[Material for this task]
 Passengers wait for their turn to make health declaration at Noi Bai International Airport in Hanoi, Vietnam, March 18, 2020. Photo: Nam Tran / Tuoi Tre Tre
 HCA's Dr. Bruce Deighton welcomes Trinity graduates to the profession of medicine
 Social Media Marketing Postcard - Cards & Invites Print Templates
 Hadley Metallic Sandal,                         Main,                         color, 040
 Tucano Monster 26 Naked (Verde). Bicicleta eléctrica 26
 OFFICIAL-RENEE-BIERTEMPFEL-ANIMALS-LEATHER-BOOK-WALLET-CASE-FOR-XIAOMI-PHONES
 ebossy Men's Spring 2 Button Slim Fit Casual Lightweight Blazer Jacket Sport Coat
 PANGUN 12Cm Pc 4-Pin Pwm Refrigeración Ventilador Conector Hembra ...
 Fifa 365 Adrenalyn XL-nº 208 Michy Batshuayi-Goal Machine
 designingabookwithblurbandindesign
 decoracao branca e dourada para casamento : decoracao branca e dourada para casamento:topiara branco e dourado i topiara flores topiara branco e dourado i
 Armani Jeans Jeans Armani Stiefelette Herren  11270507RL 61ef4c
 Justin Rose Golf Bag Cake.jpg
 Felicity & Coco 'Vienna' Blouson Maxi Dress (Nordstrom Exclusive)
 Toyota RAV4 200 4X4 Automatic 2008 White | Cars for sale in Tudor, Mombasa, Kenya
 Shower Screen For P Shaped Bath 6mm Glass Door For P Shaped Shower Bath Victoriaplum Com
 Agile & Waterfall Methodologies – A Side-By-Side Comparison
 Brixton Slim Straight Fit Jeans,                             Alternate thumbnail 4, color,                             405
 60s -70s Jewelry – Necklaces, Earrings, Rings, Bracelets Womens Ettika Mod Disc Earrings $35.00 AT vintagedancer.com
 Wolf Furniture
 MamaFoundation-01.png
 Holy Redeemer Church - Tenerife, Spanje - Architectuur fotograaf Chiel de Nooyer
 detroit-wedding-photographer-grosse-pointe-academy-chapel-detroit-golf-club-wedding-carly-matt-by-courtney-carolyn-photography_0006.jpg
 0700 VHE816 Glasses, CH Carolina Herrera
[/Material for this task]
→ **Description of the task**:
Transcribe exactly, and only, the lines that extend from the one containing "Toyota RAV4 200" to the end of the records above, inclusive of both.

→ **Your response**:
 Toyota RAV4 200 4X4 Automatic 2008 White | Cars for sale in Tudor, Mombasa, Kenya
 Shower Screen For P Shaped Bath 6mm Glass Door For P Shaped Shower Bath Victoriaplum Com
 Agile & Waterfall Methodologies – A Side-By-Side Comparison
 Brixton Slim Straight Fit Jeans,                             Alternate thumbnail 4, color,                             405
 60s -70s Jewelry – Necklaces, Earrings, Rings, Bracelets Womens Ettika Mod Disc Earrings $35.00 AT vintagedancer.com
 Wolf Furniture
 MamaFoundation-01.png
 Holy Redeemer Church - Tenerife, Spanje - Architectuur fotograaf Chiel de Nooyer
 detroit-wedding-photographer-grosse-pointe-academy-chapel-detroit-golf-club-wedding-carly-matt-by-courtney-carolyn-photography_0006.jpg
 0700 VHE816 Glasses, CH Carolina Herrera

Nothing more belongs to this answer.